The Cold Start strategy, the existence of which has long been denied by the Indian government, seems to be becoming a reality. After it was reported that India plans to deploy the high-tech battle tanks closer to the border with Pakistan, an anonymous Pakistani official threatened that Islamabad would use “all of its weapons,” including nuclear weapons, if India becomes aggressive.
“If ever our national security is threatened by advancing foreign forces, Pakistan will use all of its weapons — and I mean all of our weapons — to defend our country,” the official told the Financial Times.
Pakistan to become the world’s fifth largest nuclear power by 2025
Pak isn’t resting peacefully as India increases its military and nuclear arsenals. Islamabad continues to strengthen its nuclear capabilities by diversifying its weapons and accumulating fissile material.

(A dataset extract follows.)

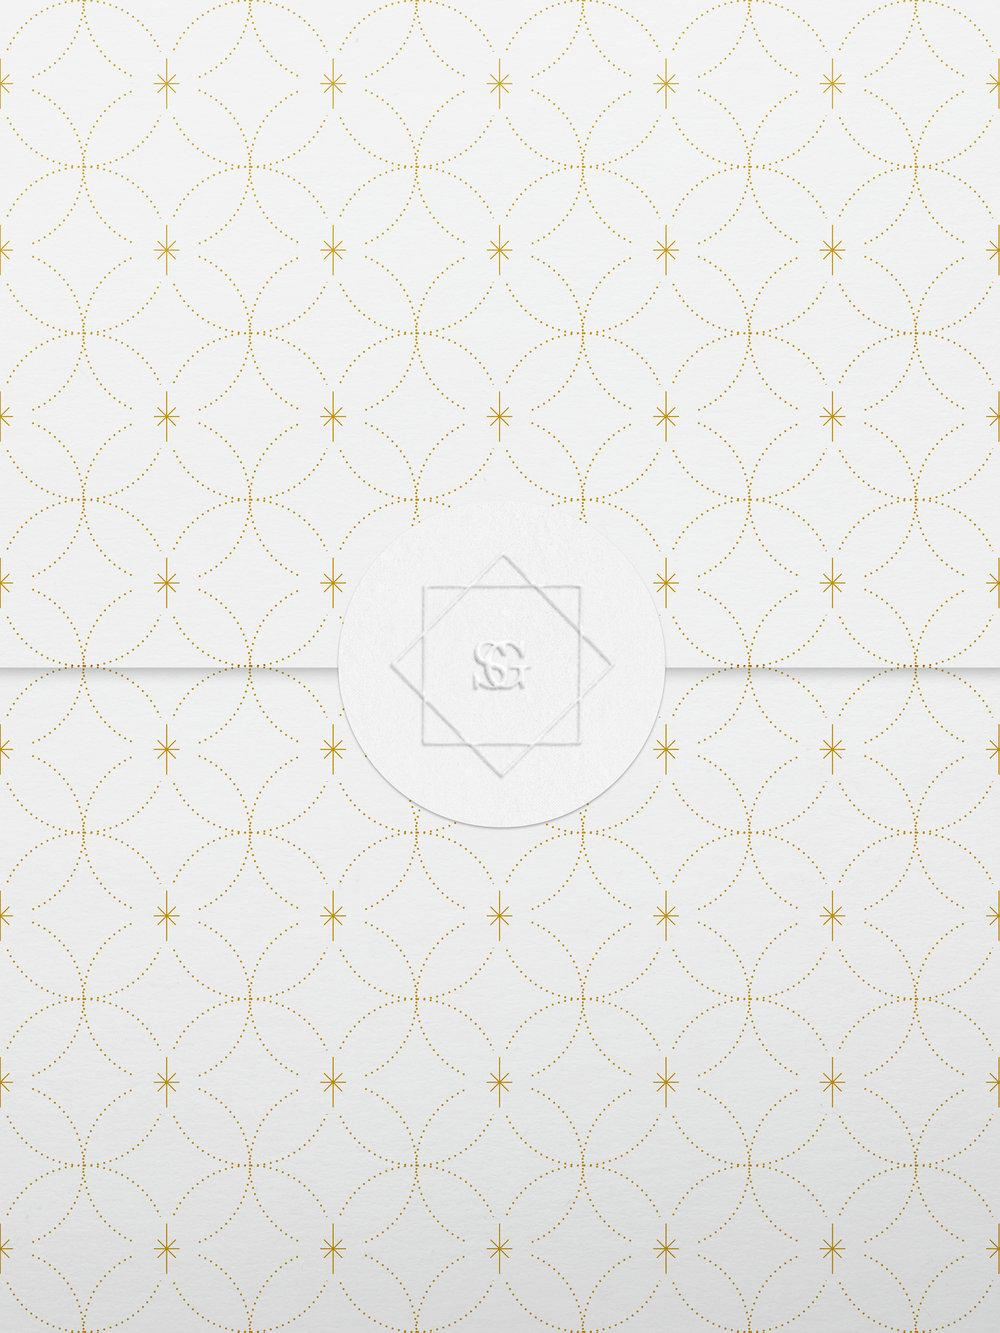 SG_Elements-05.jpg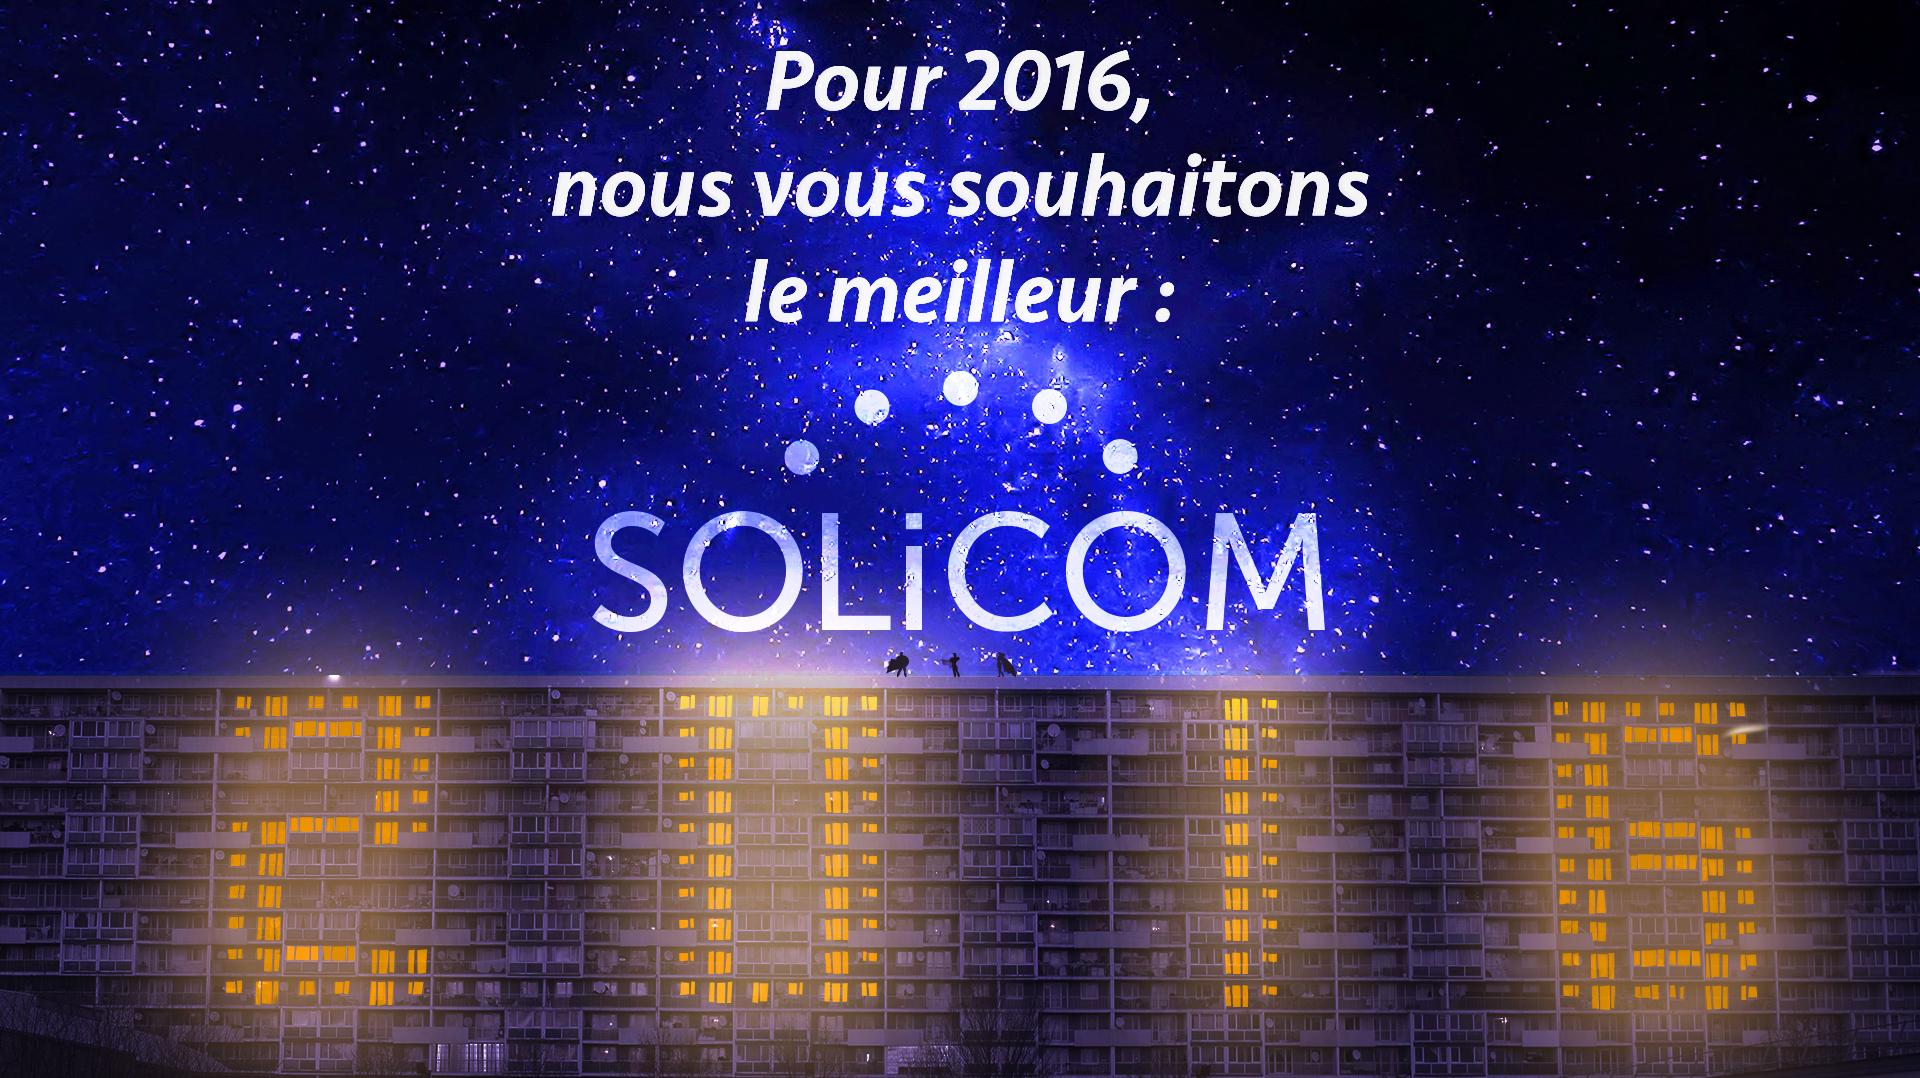 Solicom 2016 HD

With its four fully-operational plutonium production reactors in Khushab, which is in the northern part of Pakistan, Islamabad is capable of making at least 40 kilos of weapons-grade plutonium annually. Pakistan, which has an estimated nuclear arsenal of 130-140 nukes, also aspires to enhance its uranium enrichment capabilities, according to The News.
While many experts argue that Pakistan could add about 100 more nuclear warheads to its stockpile and become the world’s fifth largest nuclear power by 2025, the country’s enhancement of nuclear capabilities depends on the magnitude of expansion of India’s nuclear program.